Begin at the line with "Golden State Warriors HD" and set down each line exactly until the listing ends. Images stay out.

* [Supplied data]:
-------

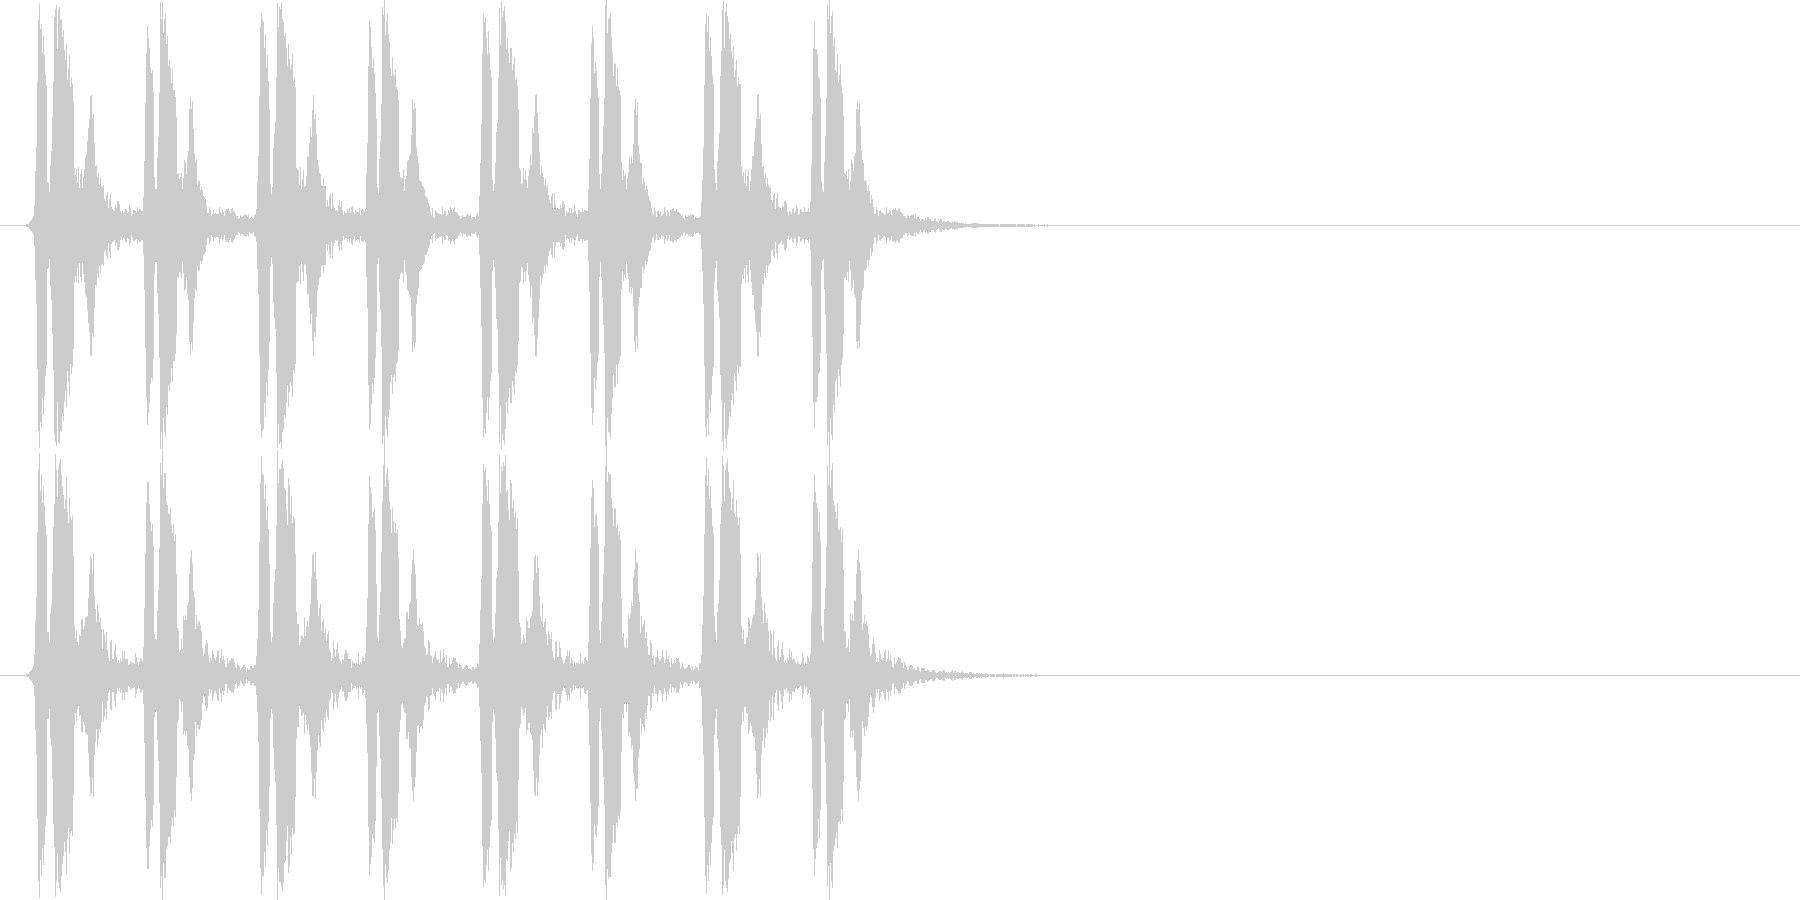 ぴよぴよぴよぴよ(混乱状態、遅め)の未再生の波形
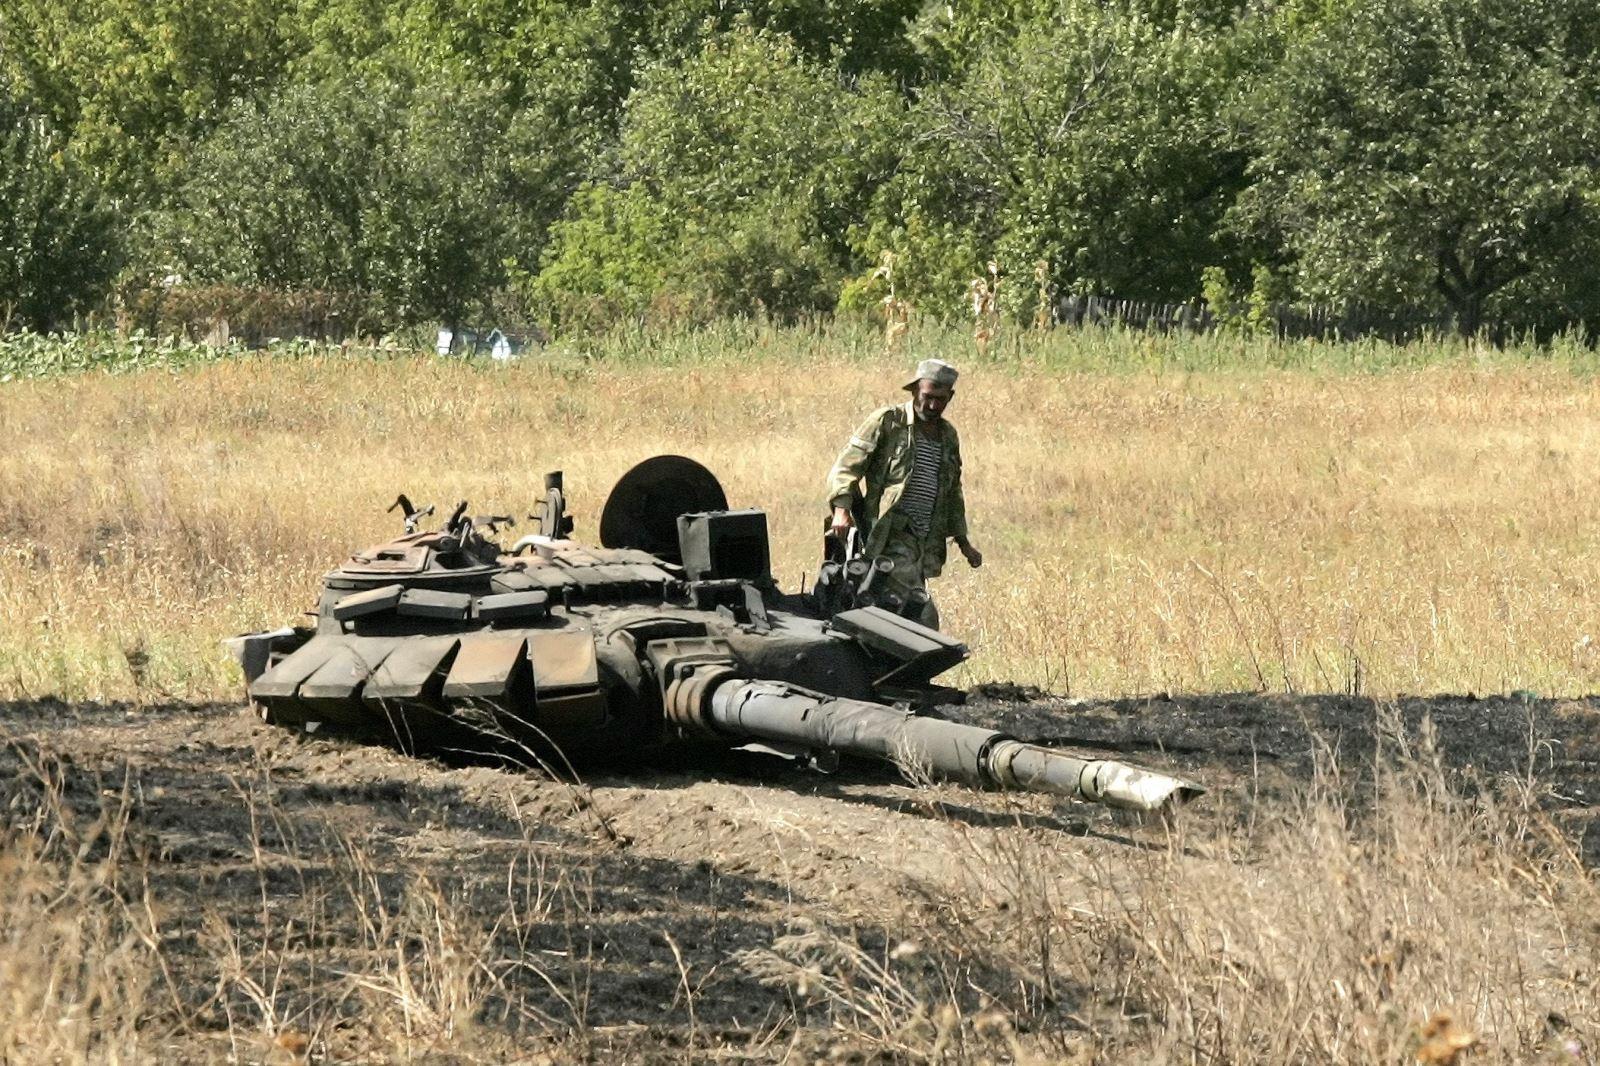 """Чотири бійці 10-ї ОГШБр """"Едельвейс"""" встановили рекорд України, перетягнувши танк Т-72 вагою 42 тонни на 3,35 метра - Цензор.НЕТ 3916"""
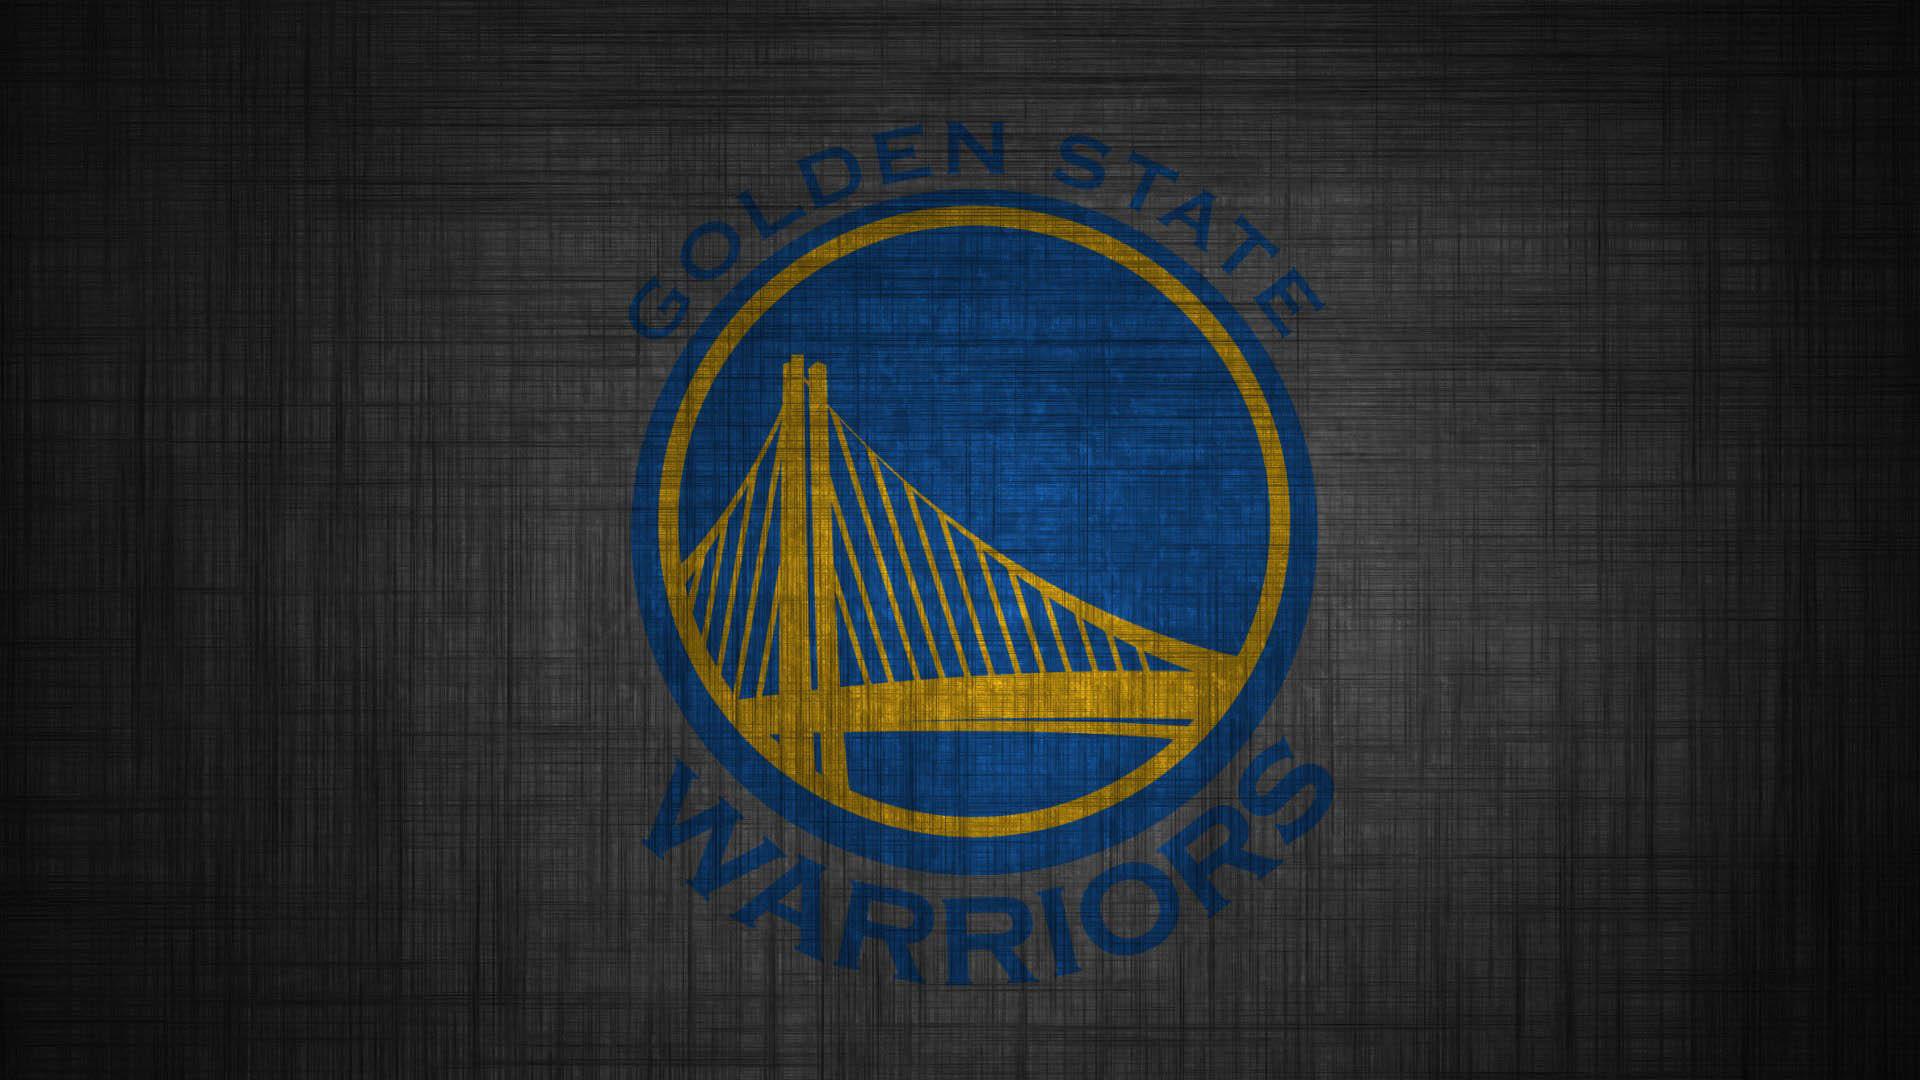 Golden State Warriors HD
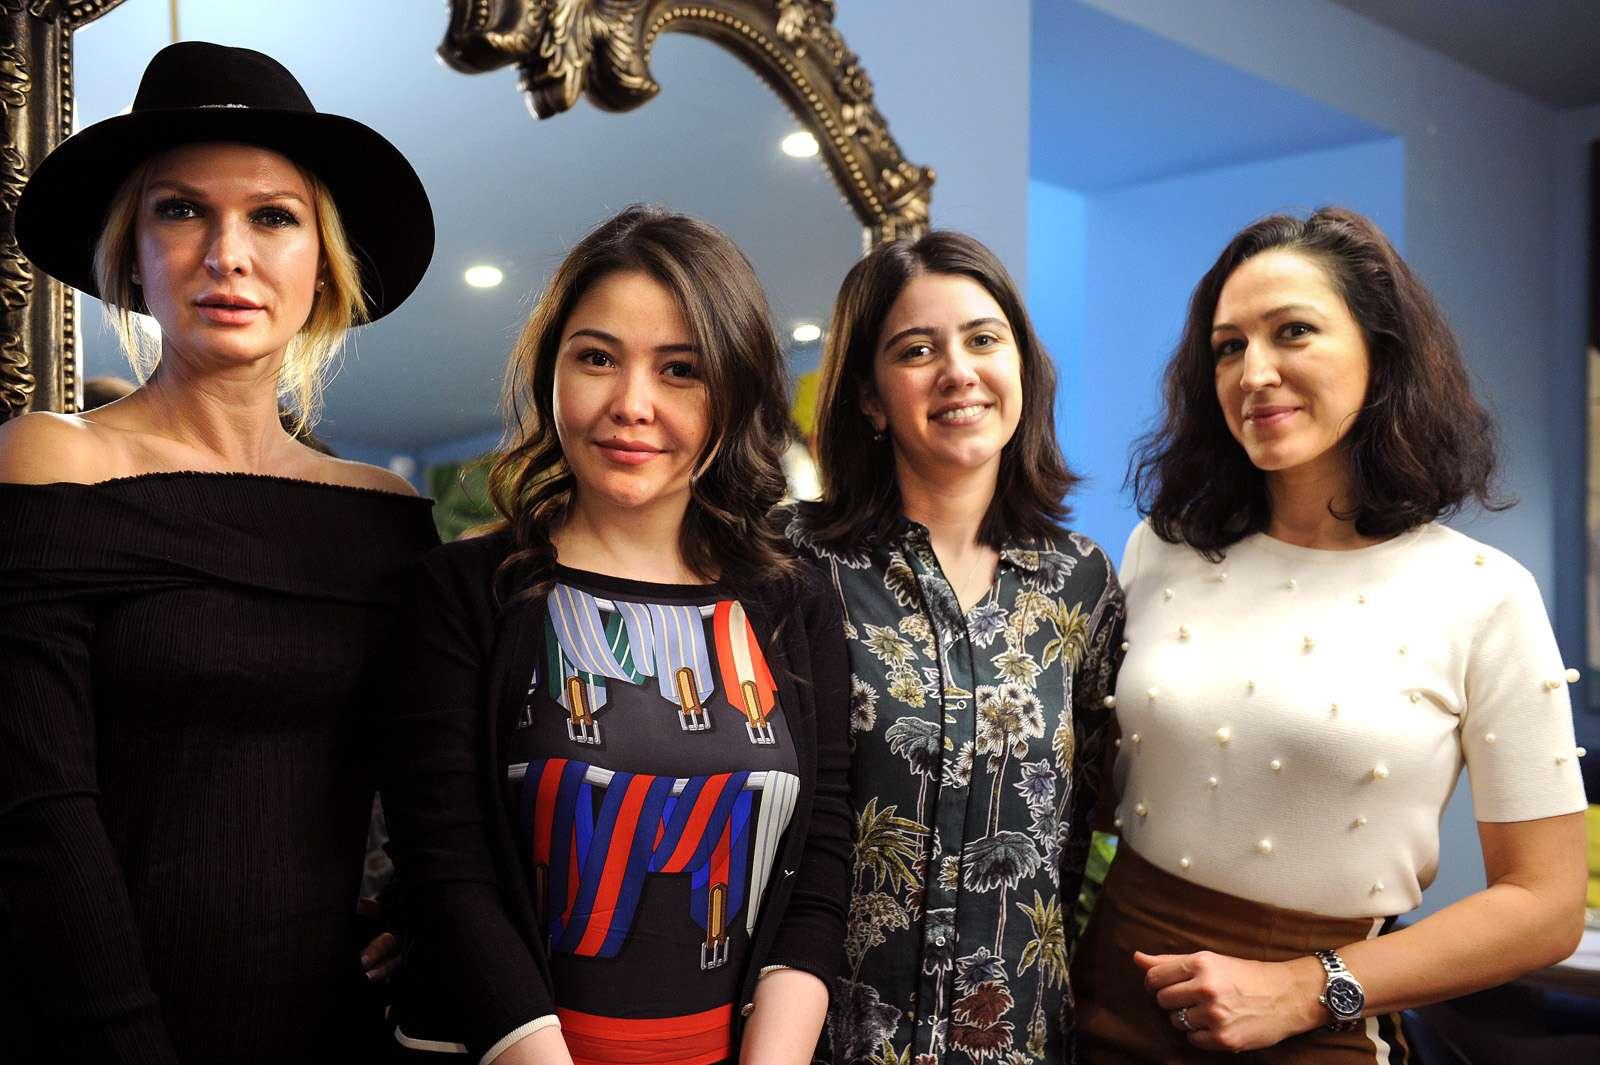 Дружеская встреча в честь открытия отеля Stamba в Тбилиси

-------

* [Result of the exercise]:
 Golden State Warriors HD
 Дружеская встреча в честь открытия отеля Stamba в Тбилиси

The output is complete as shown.